Size of the private key to generate for the CSR.

Key Usage

Key usage is a restriction method that determines what a certificate can be used for. If the key usage extension is specified, the following bits: digitalSignature and nonRepudiation must be set.

If the key usage extension is not specified, receiving clients must presume that the digitalSignature and nonRepudiation bits are set.

For detailed information about S/MIME certificates, see RFC 5750: Secure/Multipurpose Internet Mail Extensions (S/MIME) Version 3.2 - Certificate Handling.

Certificate Requirements for Encryption

The S/MIME certificate for encryption must contain the following information:

Common Name

The fully qualified domain name.

Organization

The exact legal name of the organization.

Organizational Unit

Section of the organization.

City (Locality)

The city where the organization is legally located.

State (Province)

The state, county, or region where the organization is legally located.

Country

The two letter ISO abbreviation of the country where the organization is legally located.

Duration before expiration

The number of days before the certificate expires.

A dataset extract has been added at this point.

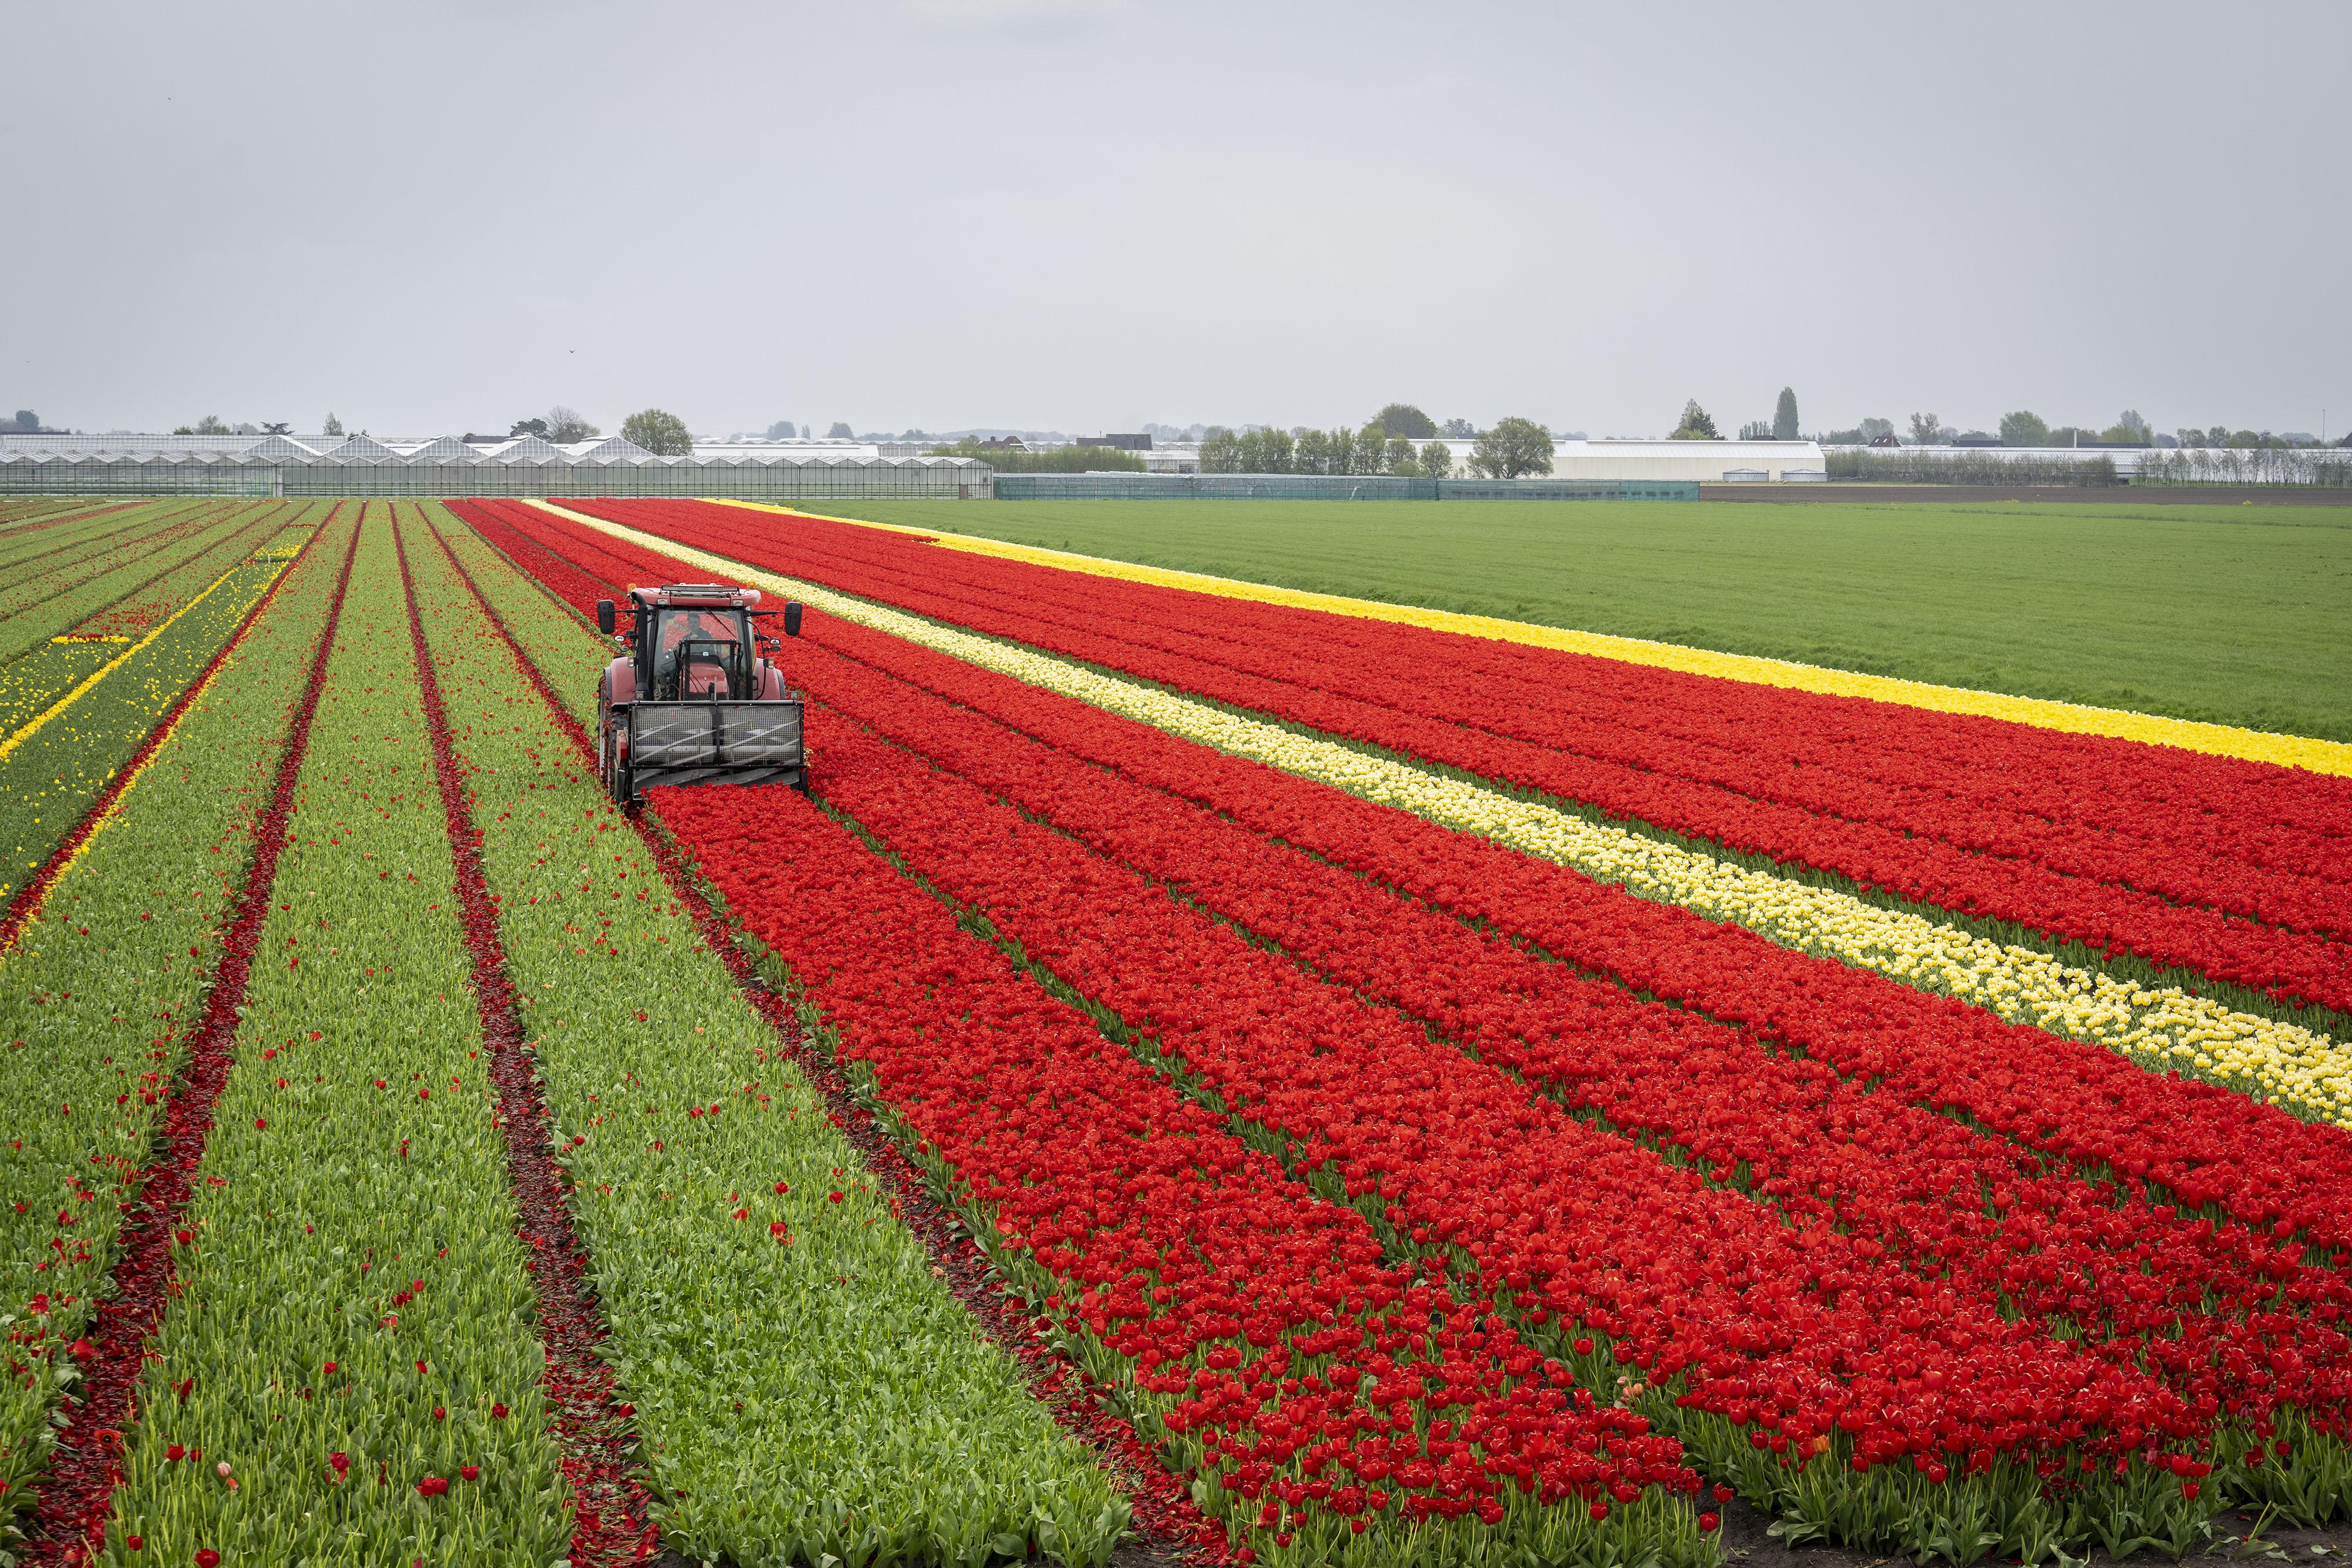 Loeren bij de boeren: Frans van der Slot met kopmachine aan de slag; 'Een mooi en strak groen veld vind ik ook prachtig'

Subject Alternative Name(Domains)

Name of the domain to which you plan to send encrypted messages. Examples include domain.com and *.domain.net . For multiple entries, use a comma-separated list.

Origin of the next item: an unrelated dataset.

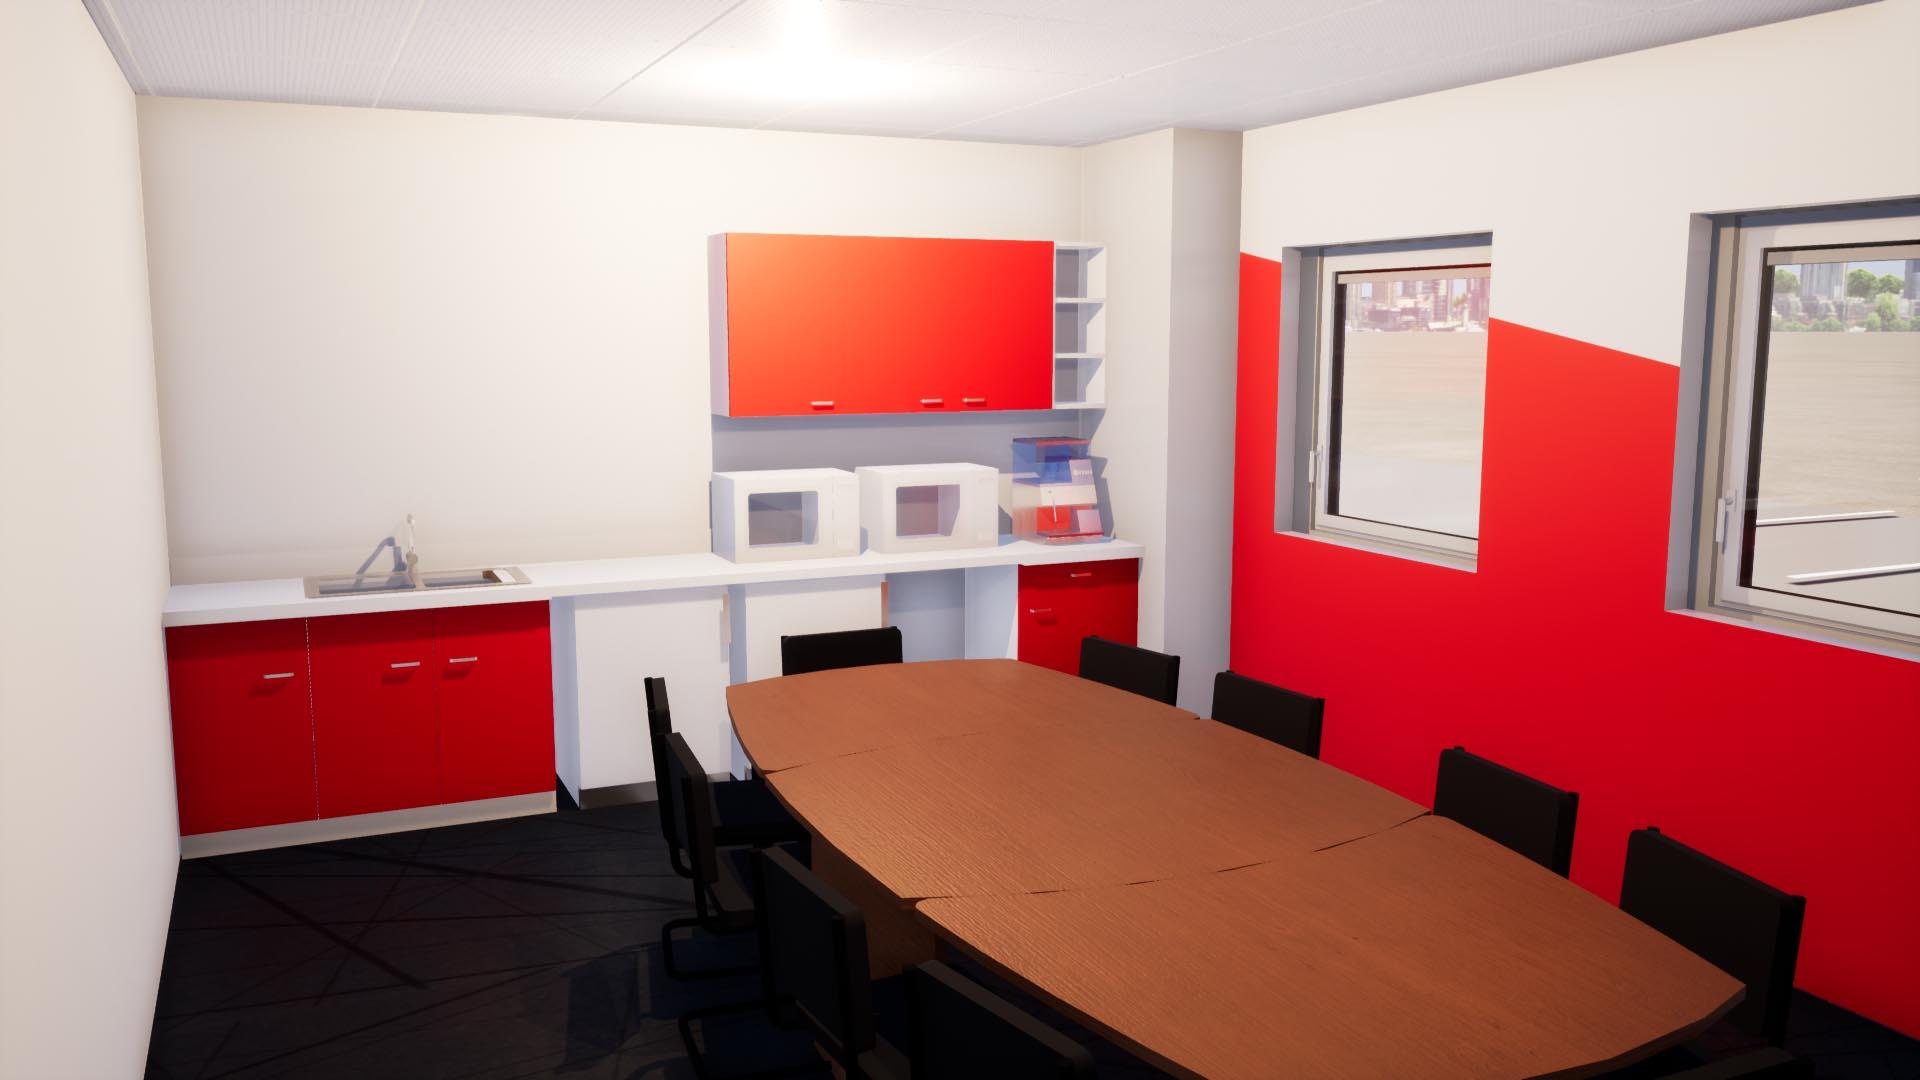 Mindae_3D_larcher_bureaux_entreprise_Cormelles_couleur_design (29)

If you plan to send encrypted messages to all the users in a domain, the public key should include a SAN Domain.

Subject Alternative Name(Email)

Email address of the user to whom you plan to send encrypted messages, for example, user@somedomain.com . For multiple entries, use a comma-separated list.

Private Key Size

Size of the private key to generate for the CSR.

Key Usage

Key usage is a restriction method that determines what a certificate can be used for. The key usage extension must be specified and the following bit must be set: keyEncipherment .

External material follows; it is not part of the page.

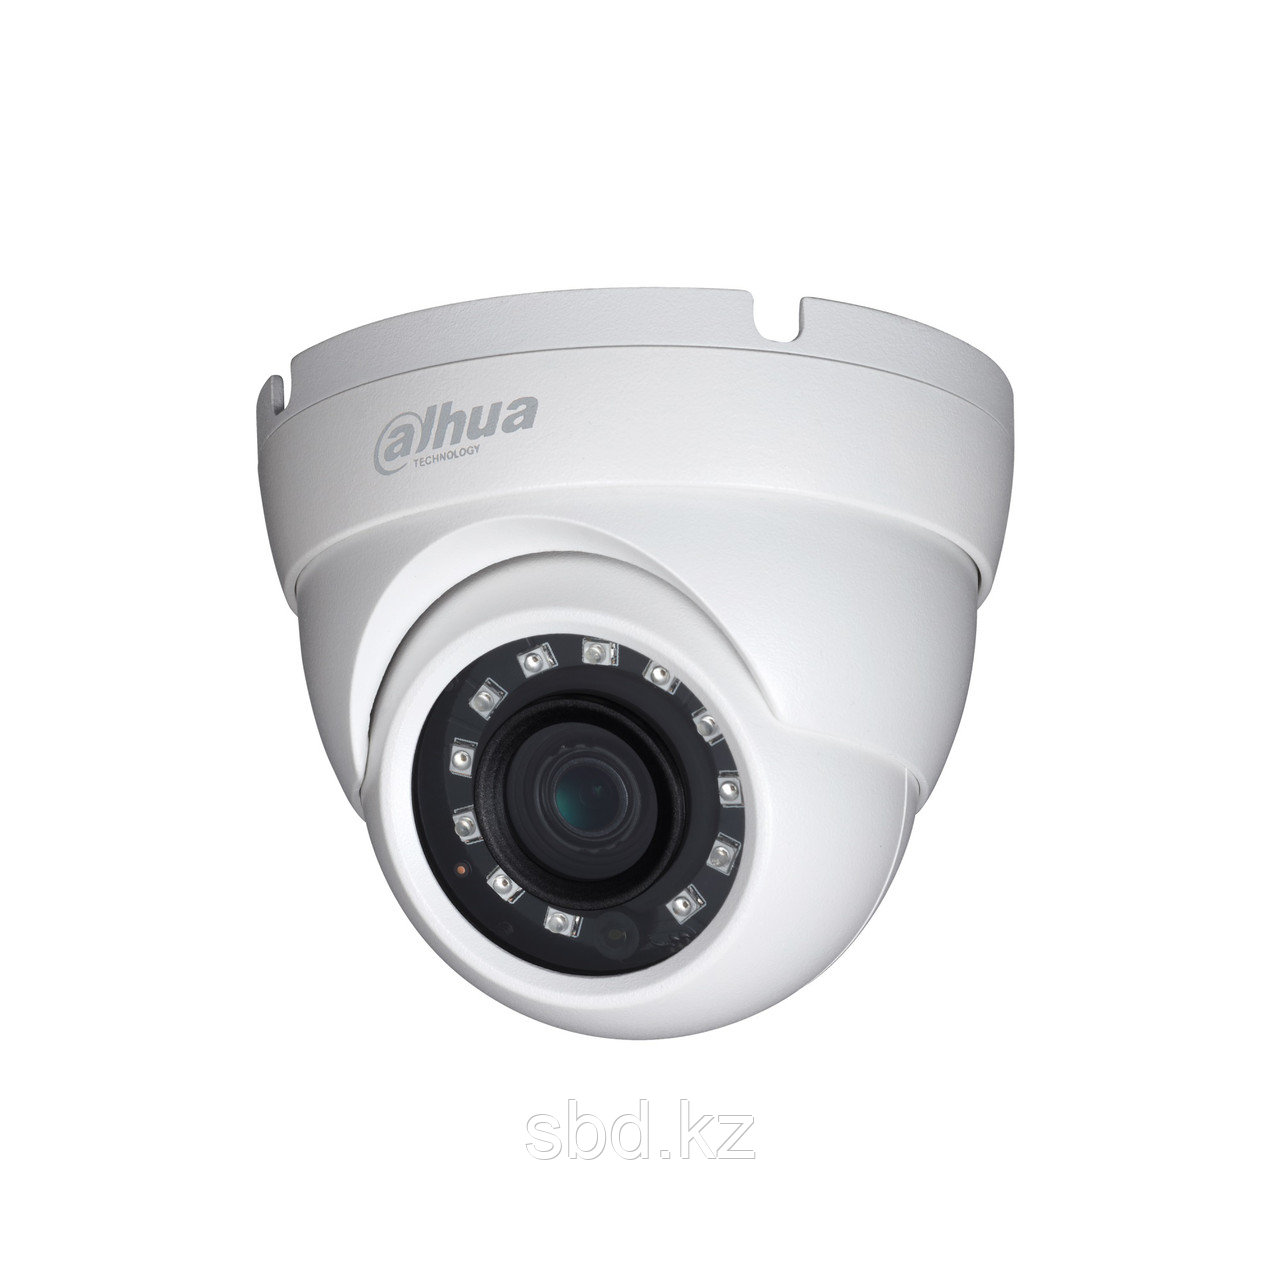 Камера видеонаблюдения внутренняя HAC-HDW2401MP Dahua Technology

For detailed information about S/MIME certificates, see RFC 5750: Secure/Multipurpose Internet Mail Extensions (S/MIME) Version 3.2 - Certificate Handling.

Managing Public Keys

the email gateway requires:

  • The public key of the recipient’s S/MIME encryption certificate for encrypting the outgoing messages.

  • The public key of the sender’s S/MIME signing certificate for verifying incoming signed messages.

You can add public keys to your email gateway in one of the following ways:

  • If you have the intended public key in PEM format, you can add it using the web interface or CLI. See Adding a Public Key.

  • If you have an export file that contains the intended public keys, you can copy the export file to the /configuration directory and import it using the web interface or CLI. See Importing Public Keys from an Existing Export File.

The email gateway also supports key harvesting (automatically retrieving public keys from incoming signed messages). For more information, see S/MIME Harvested Public Keys.

Adding a Public Key

Before You Begin

Procedure


Step 1

Click Mail Policies > Public Keys.

Step 2

Click Add Public Key.

Step 3

Enter the name of the public key.

Step 4

Enter the public key.

Step 5

Submit and commit your changes.


What to do next


Note

Use the smimeconfig command to add public keys using CLI.

Importing Public Keys from an Existing Export File

Before You Begin

Copy the export file to the /configuration directory of the email gateway. For instructions to create an export file, see Exporting Public Keys.

Procedure


Step 1

Click Mail Policies > Public Keys.

Step 2

Click Import Public Keys.

Step 3

Select the export file and click Submit.

Note 
The import process may take longer if you are importing a file with large number of public keys. Make sure that you adjust the web interface or CLI inactivity timeout accordingly.
Step 4

Commit your changes.


Exporting Public Keys

All public keys on the email gateway are exported together in a single text file and stored in the /configuration directory.

Procedure


Step 1

Choose Mail Policies > Public Keys.

Step 2

Click Export Public Keys.

Step 3

Enter a name for the file and click Submit.